====== INPUT DATA

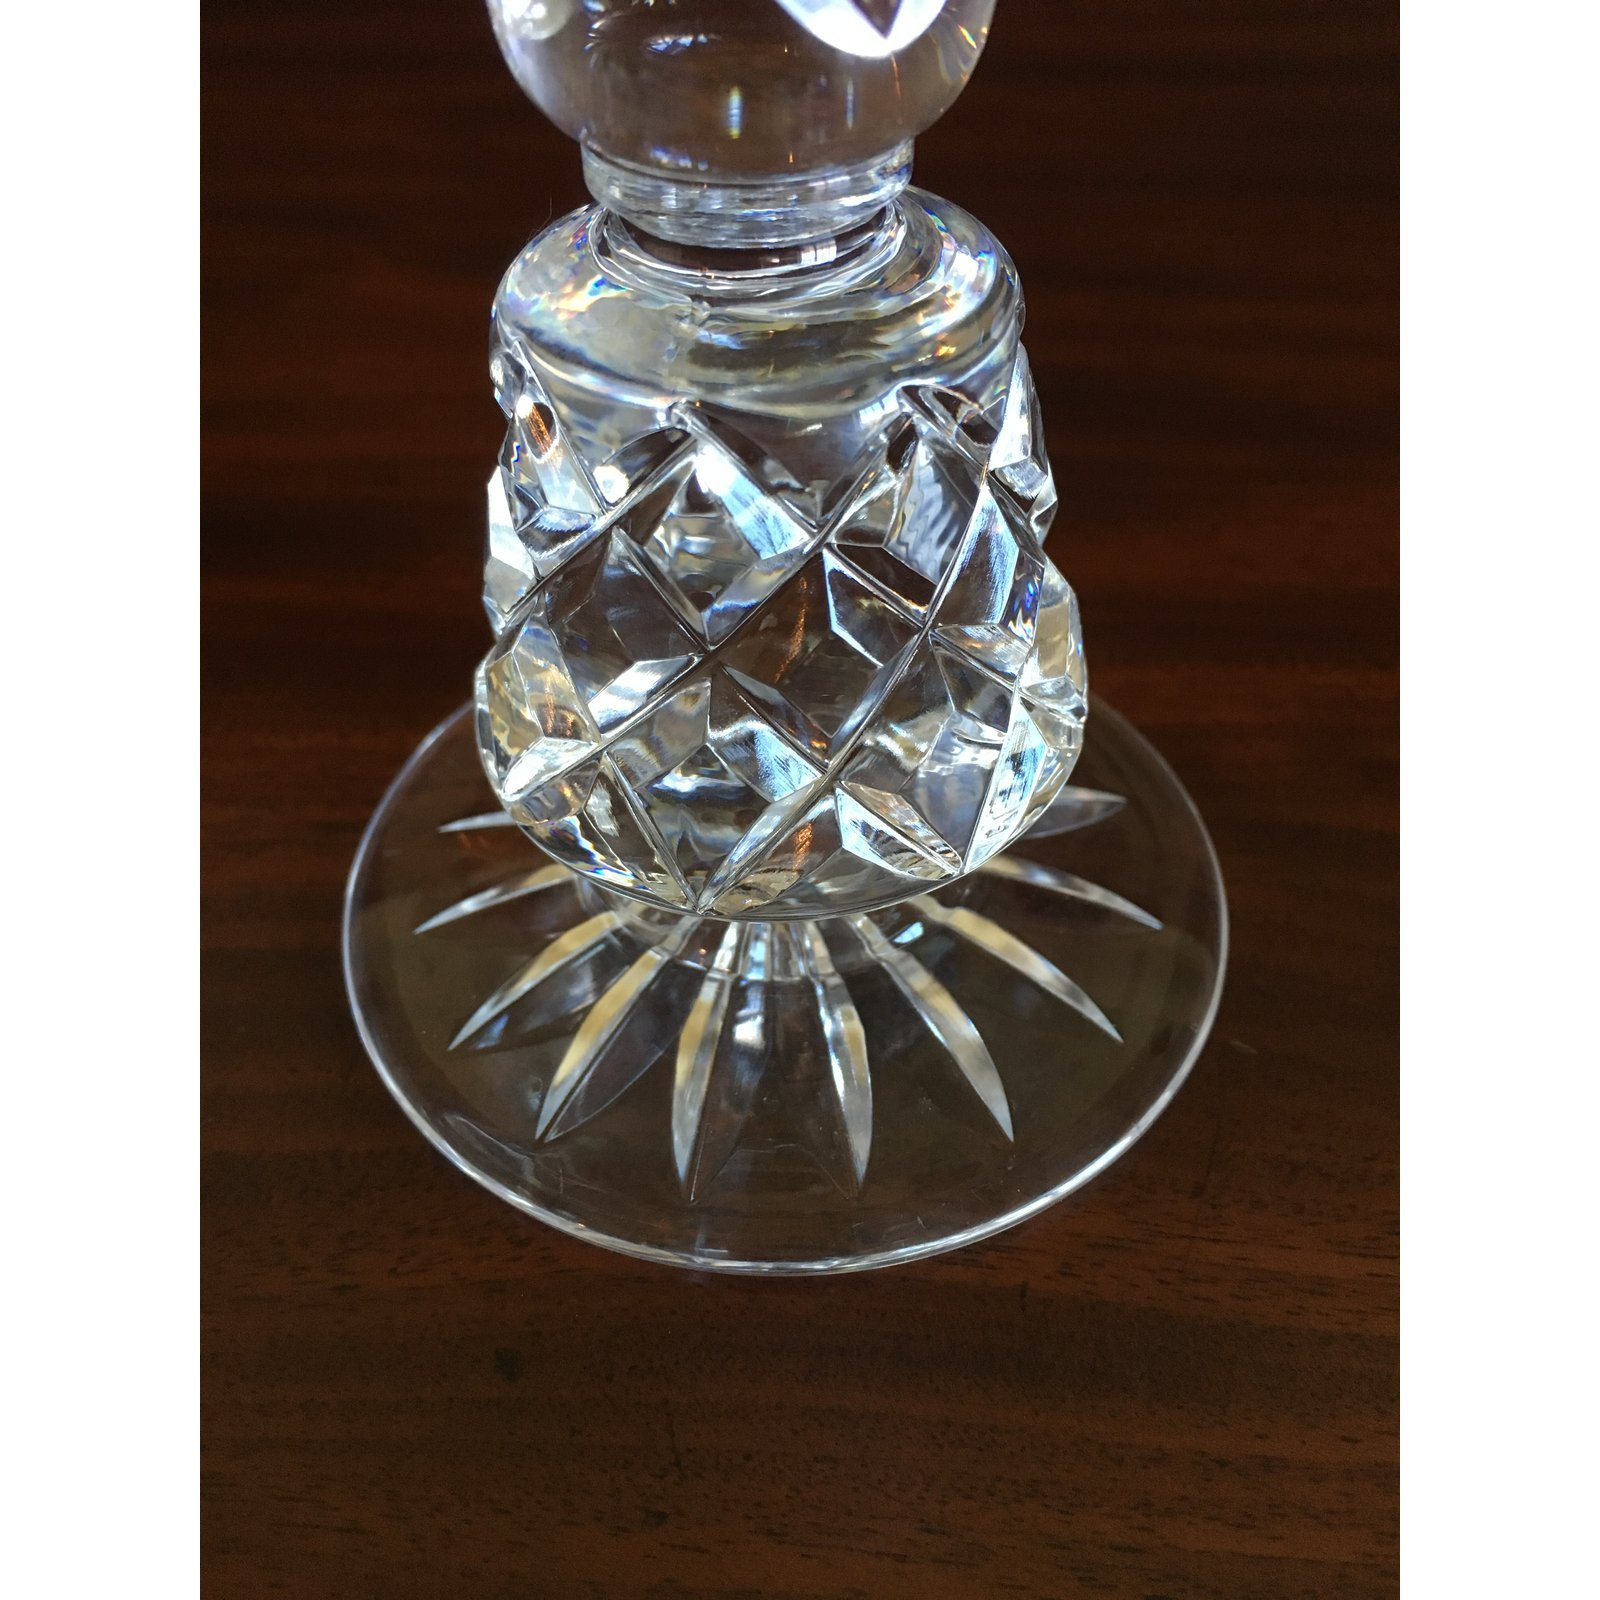 Vintage Crystal Candle Holders Lenox Charleston Pattern - a Pair
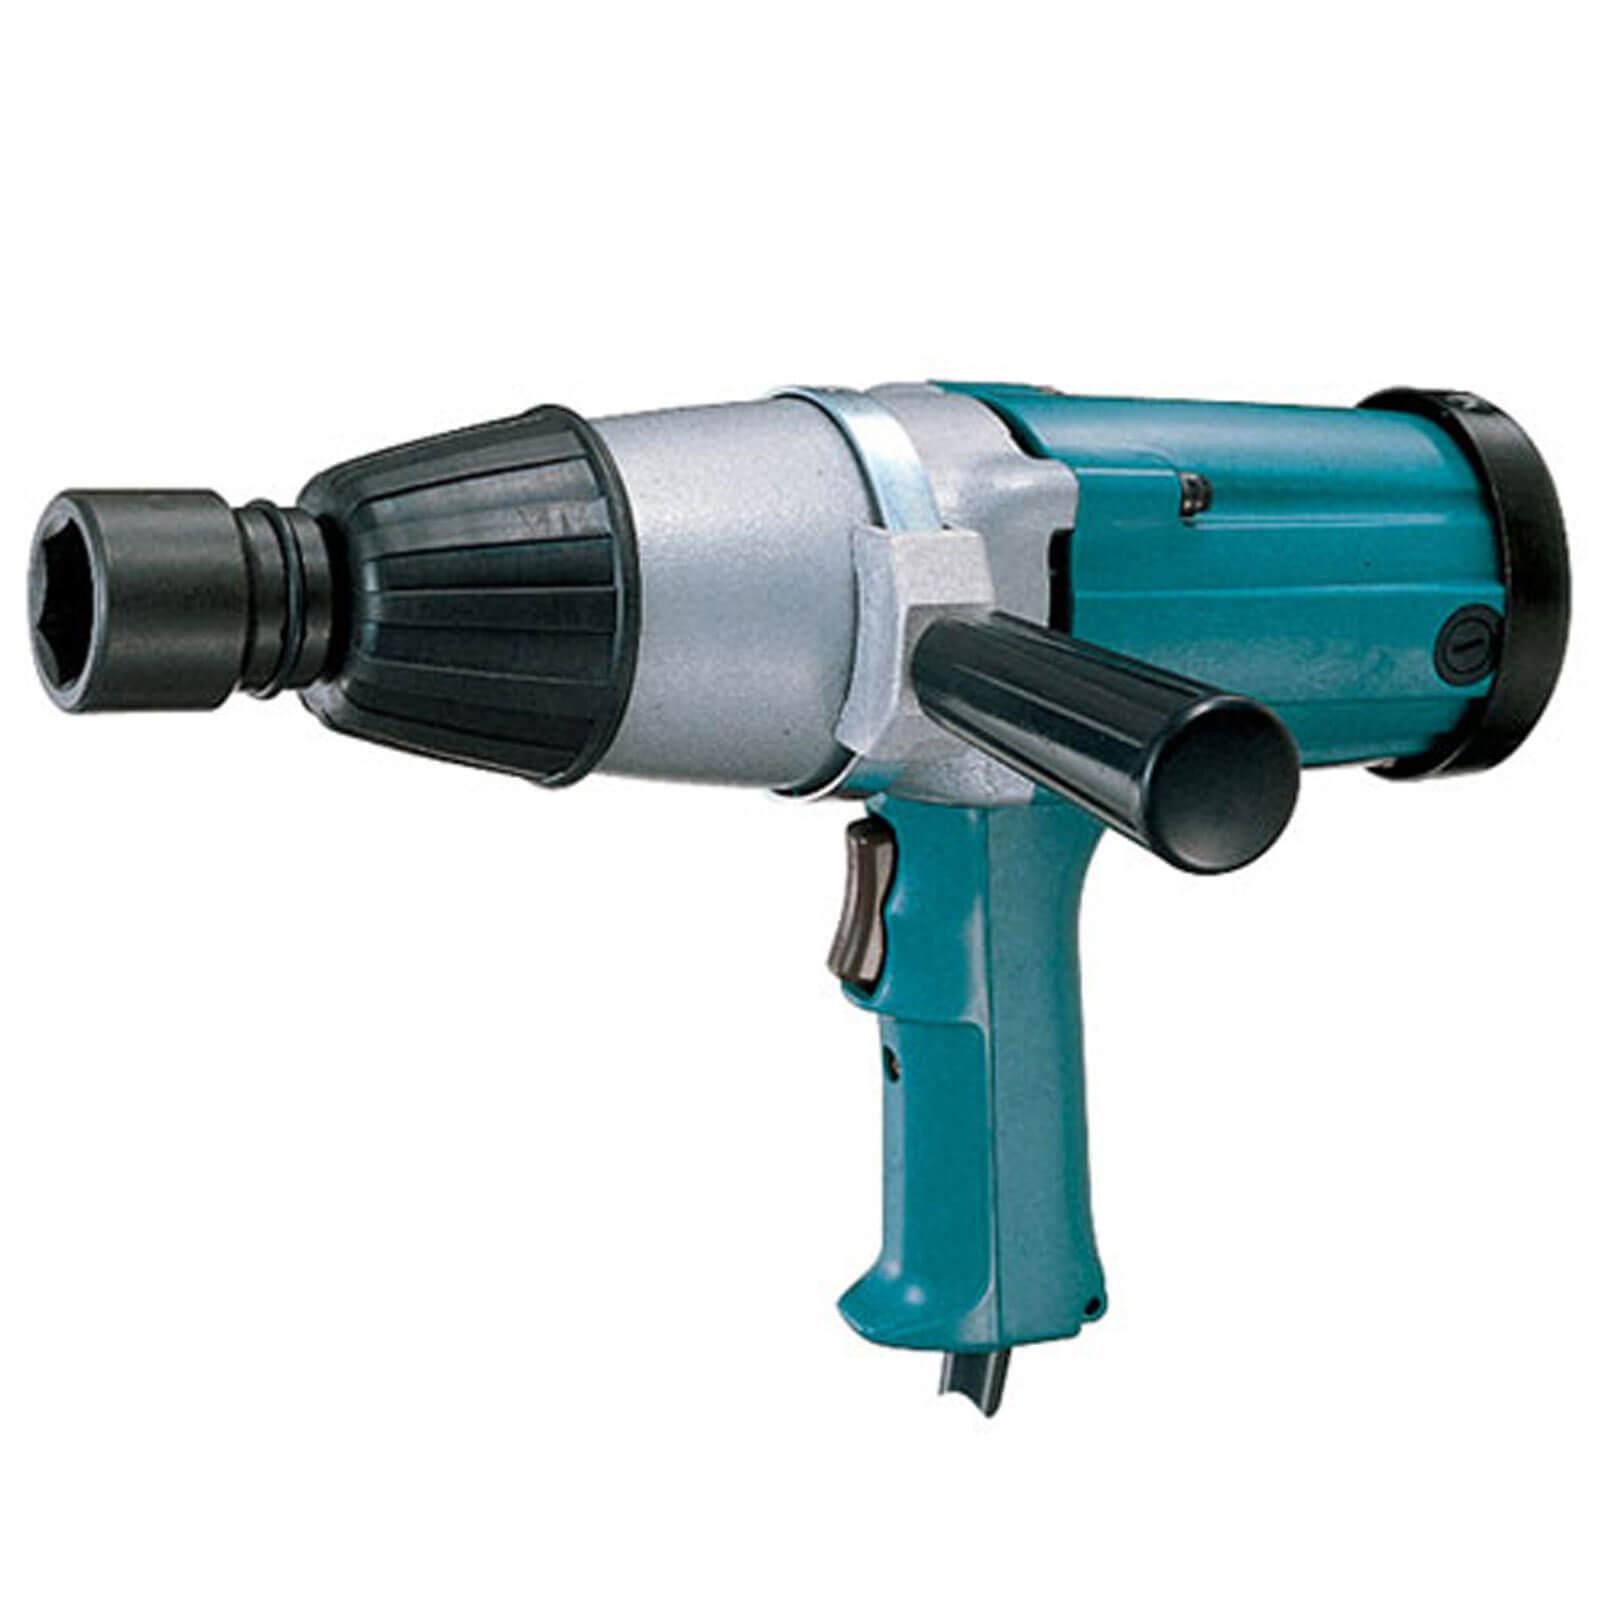 Makita 6906 Impact Wrench 3/4
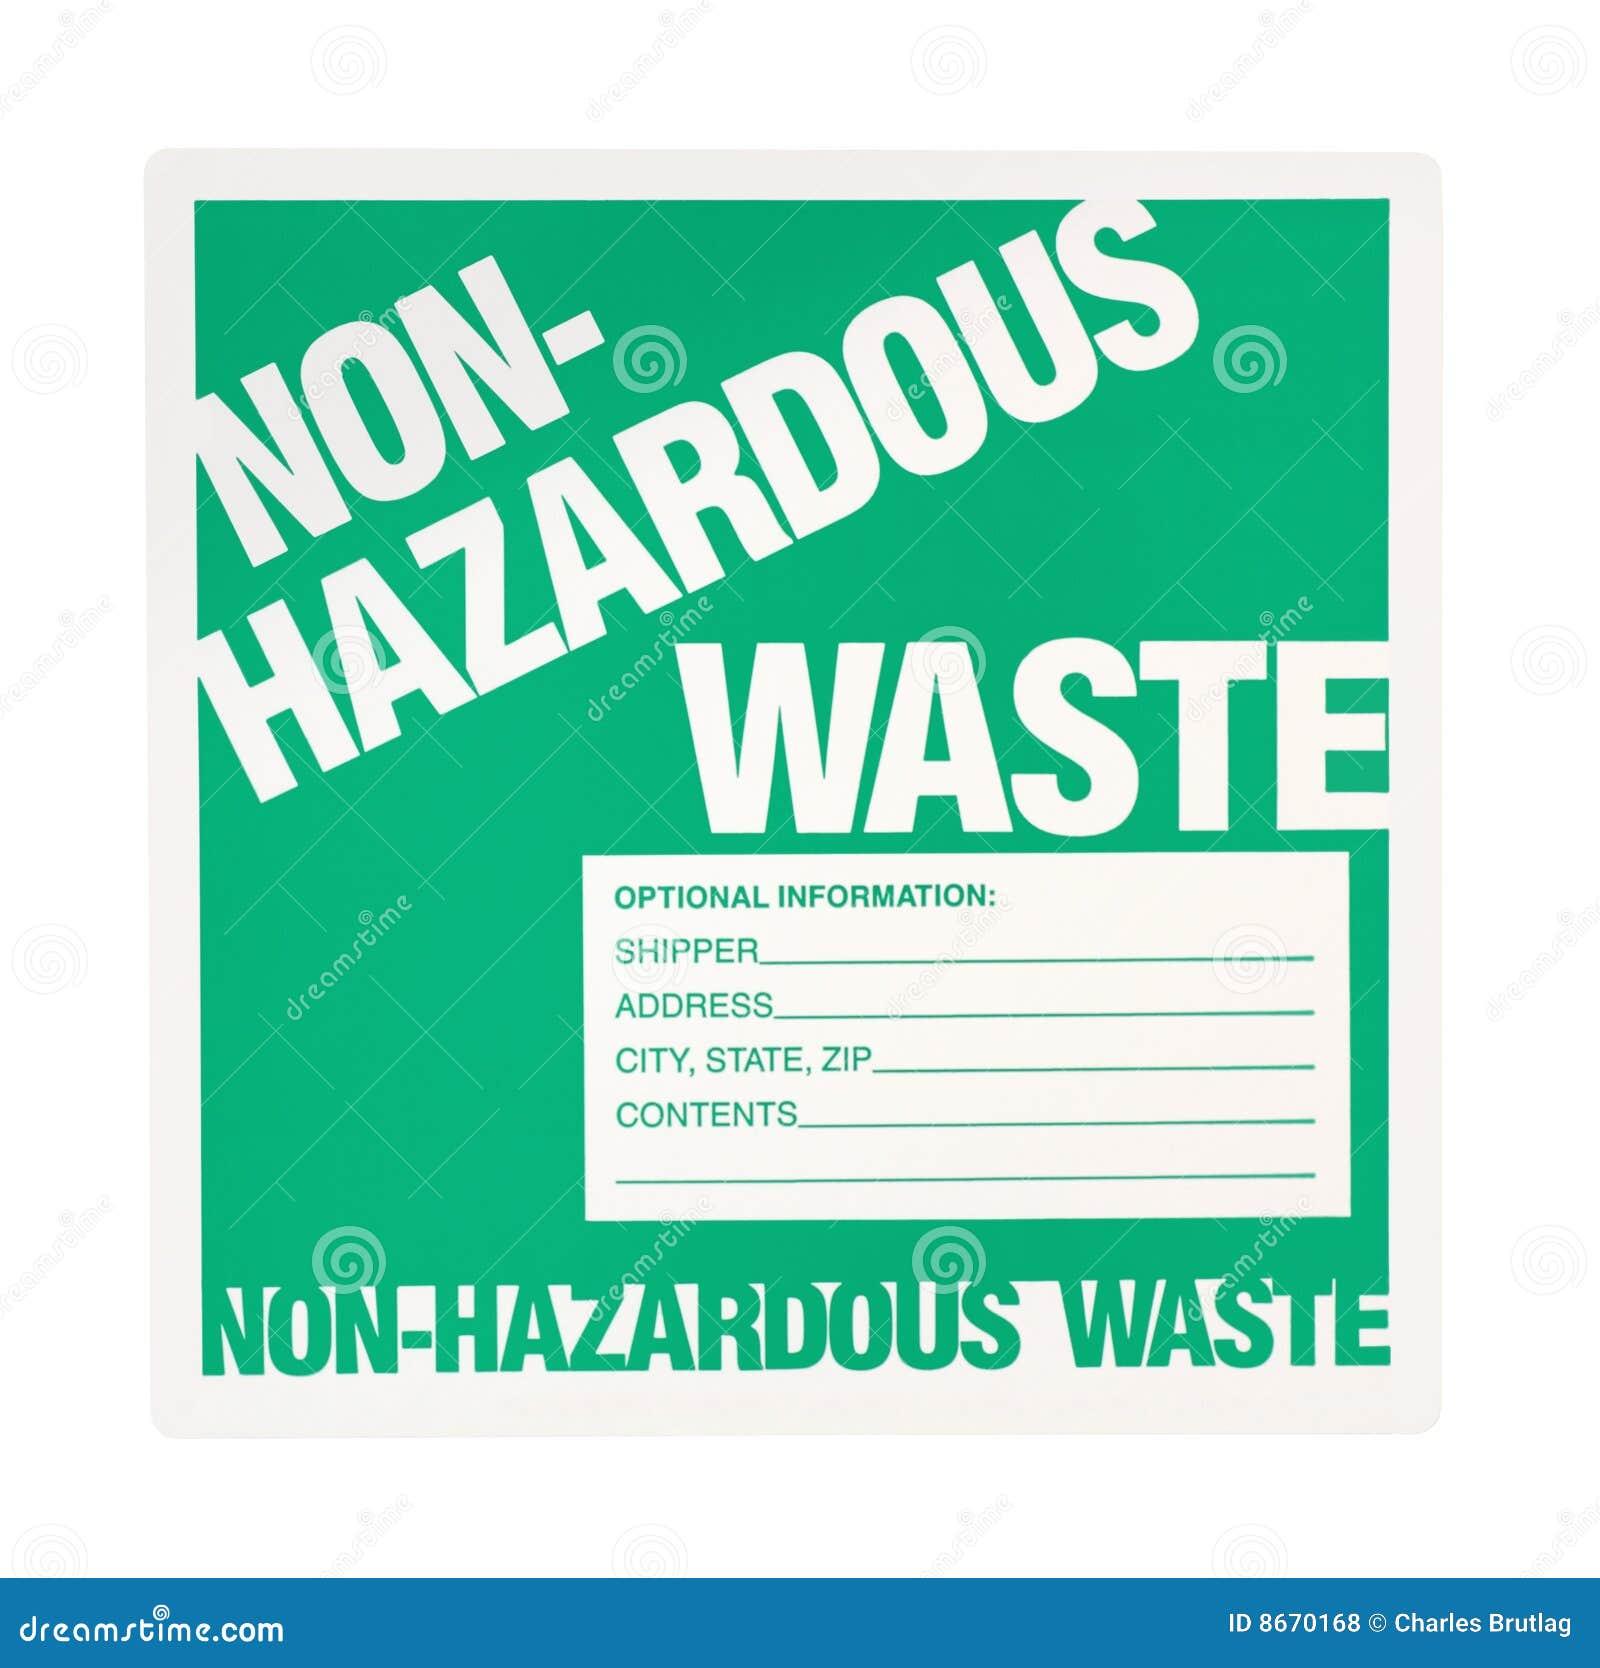 All Hazards Waste Management Planning Wmp Tool: Non-hazardous Waste Label Royalty Free Stock Photos

============

**EXERCISE REQUIREMENTS**
Write the material out again word for word and omit any images.

**EXPECTED OUTPUT**
 Vintage Crystal Candle Holders Lenox Charleston Pattern - a Pair
 Makita 6906 Impact Wrench 3/4
 All Hazards Waste Management Planning Wmp Tool: Non-hazardous Waste Label Royalty Free Stock Photos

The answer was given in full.